3 questions à Philippe Lasterle

Centriste, membre du club «Forums», participe au débat sur les soins palliatifs et l’euthanasie.

 

Considérez-vous opportun de rouvrir aujourd’hui le débat sur la fin de vie ? 

Deux points méritent d’être retenus dans l’intervention du 17 juillet dernier du Président de la République. Ila, tout d’abord, rappelé combien la loi Leonetti du 22 avril 2005 avait marqué une avancée importante. Il a ensuite, et surtout posé la question essentielle de savoir si l’on peut – pour reprendre les termes qu’il a employés – «aller plus loin dans les cas exceptionnels où l’abstention thérapeutique ne suffit pas à soulager les patients aux prises avec une douleur irréversible et qui appelle un acte médical assumé au terme d’une décision partagée et réfléchie».

La loi Leonetti n’est-elle pas suffisante ?

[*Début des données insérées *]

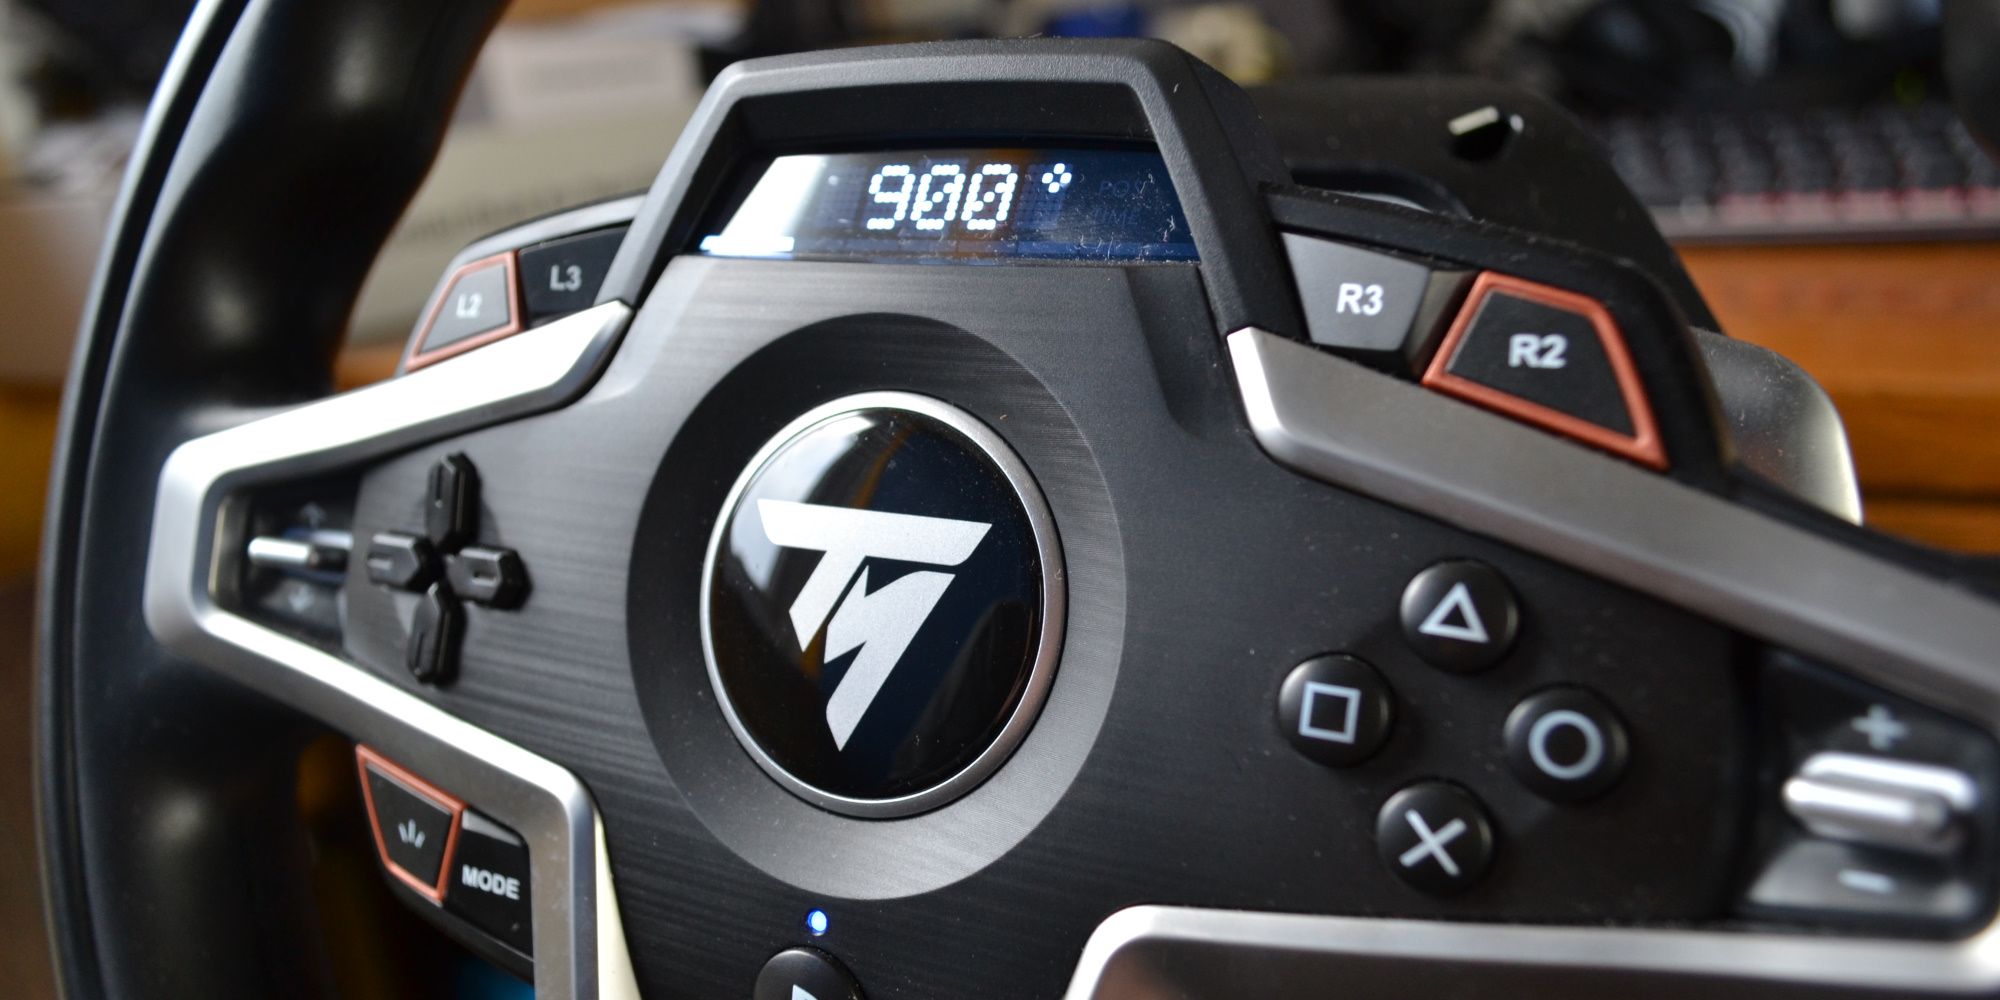 Thrustmaster T248 Review: New Hybrid Drive System Will Smash Your Lap Times
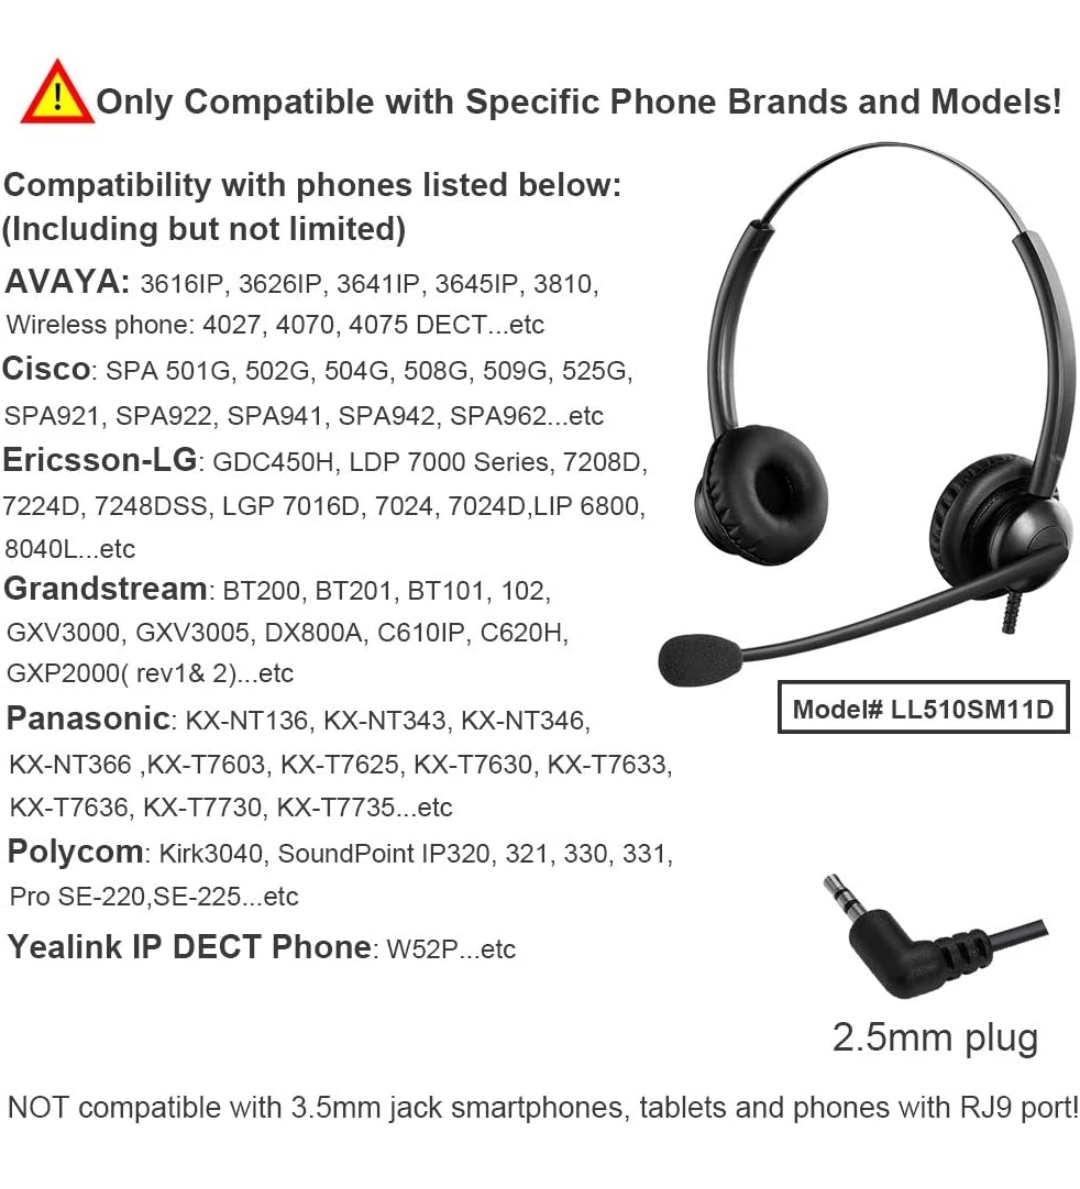 Oppetec 2.5mm Telephone Headset with Noise Cancelling Microphone

Les familles confrontées à des situations terriblement douloureuses et souvent impuissantes, de même que les équipes médicales le savent bien : la loi Leonetti, ne répond pas à toutes les situations de souffrances des personnes en fin de vie. D’abord, parce que, même si la situation s’est améliorée, les unités de soins palliatifs sont en nombre insuffisant dans notre pays. Ensuite, parce qu’en dépit de son interdiction depuis 2005, l’acharnement thérapeutique, que l’on appelle aujourd’hui «obstination déraisonnable», n’a pas disparu.

 

Qu’attendez-vous du débat ?

D’abord que la mission confiée par François Hollande au professeur Sicard permette d’éclairer ce débat éthique grâce à l’avis des experts, mais aussi de celles et ceux qui sans être experts ou médecins, n’en ont pas moins une expérience, un vécu à partager. Je suis optimiste sur l’issue du débat. Je fais le pari de l’intelligence collective. Mais pour qu’elle s’exprime, il est important que la société s’empare de la question. J’invite tout le monde à participer à ce débat qui concerne chacun de nous.